The 0.17% free allowance per day means that a first staging tier allocation of up to 0.17% of the total data stored is free.

My guess is that the staging first tier is just the warm-storage Amazon S3. There has been much speculation (1, 2, 3, 4, etc.) as to what the bulk second tier is implemented with, and the two leading contenders are:

The bulk second tier is similar to that of BackBlaze, 4TB-6TB-8TB disks that are densely packed and kept spun down to minimize power consumption and heat and vibration, but with custom low-cost features, such as a low RPM, and/or SMR technology.
I remember that until several years ago it was possible to buy 3600RPM 5.25in higher capacity disks even when most disk were already 3.5in 7200RPM ones, and presently surveillance class disks tend to run at 5900RPM, and are targeted at the same usage profile as cold- and archival-storage: recording of video, which is very rarely read back.
The bulk second tier is made of packs of high capacity, triple layer Blu-Ray disks held in cartridges stored in automated cartridge shelves.

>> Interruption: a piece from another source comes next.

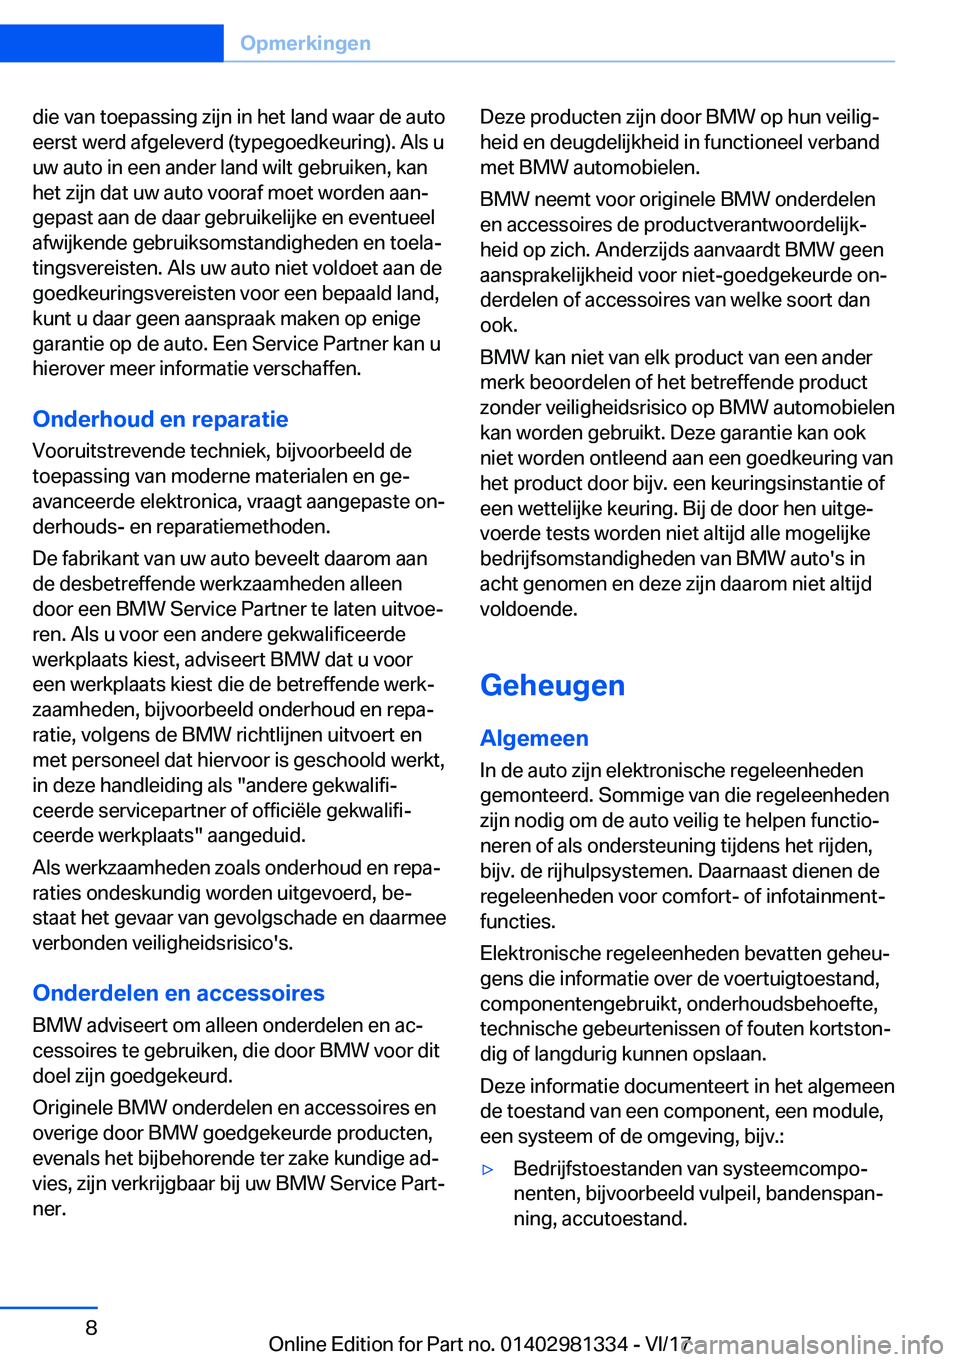 BMW X4 2018  Instructieboekjes (in Dutch) �d�i�e� �v�a�n� �t�o�e�p�a�s�s�i�n�g� �z�i�j�n� �i�n� �h�e�t� �l�a�n�d� �w�a�a�r� �d�e� �a�u�t�o
�e�e�r�s�t� �w�e�r�d� �a�f�g�e�l�e�v�e�r�d� �(�t�y�p�e�g�o�e�d�k�e�u�r�i�n�g�)�.� �A�l�s� �u �u�w� �a�u

The Blu-Ray hypothesis has recently got a boost as an Amazon executive involved in the Glacier project has commented upon the official release of a Blu-Ray cold-storage system, Sony's Everspan, and he writes:

But, leveraging an existing disk design will not produce a winning product for archival storage. Using disk would require a much larger, slower, more power efficient and less expensive hardware platform. It really would need to be different from current generation disk drives.
Designing a new platform for the archive market just doesn’t feel comfortable for disk manufacturers and, as a consequence, although the hard drive industry could have easily won the archive market, they have left most of the market for other storage technologies.

This is quite interesting, because it seems a strong hint that Glacier does not use magnetic disks for its bulk tier; at the same it is ironic because BackBlaze has created a competitive product (for those that don't need a built-in CDN with multi-region resilience) based on commodity ordinary cold-storage 4TB-6TB-8TB disks.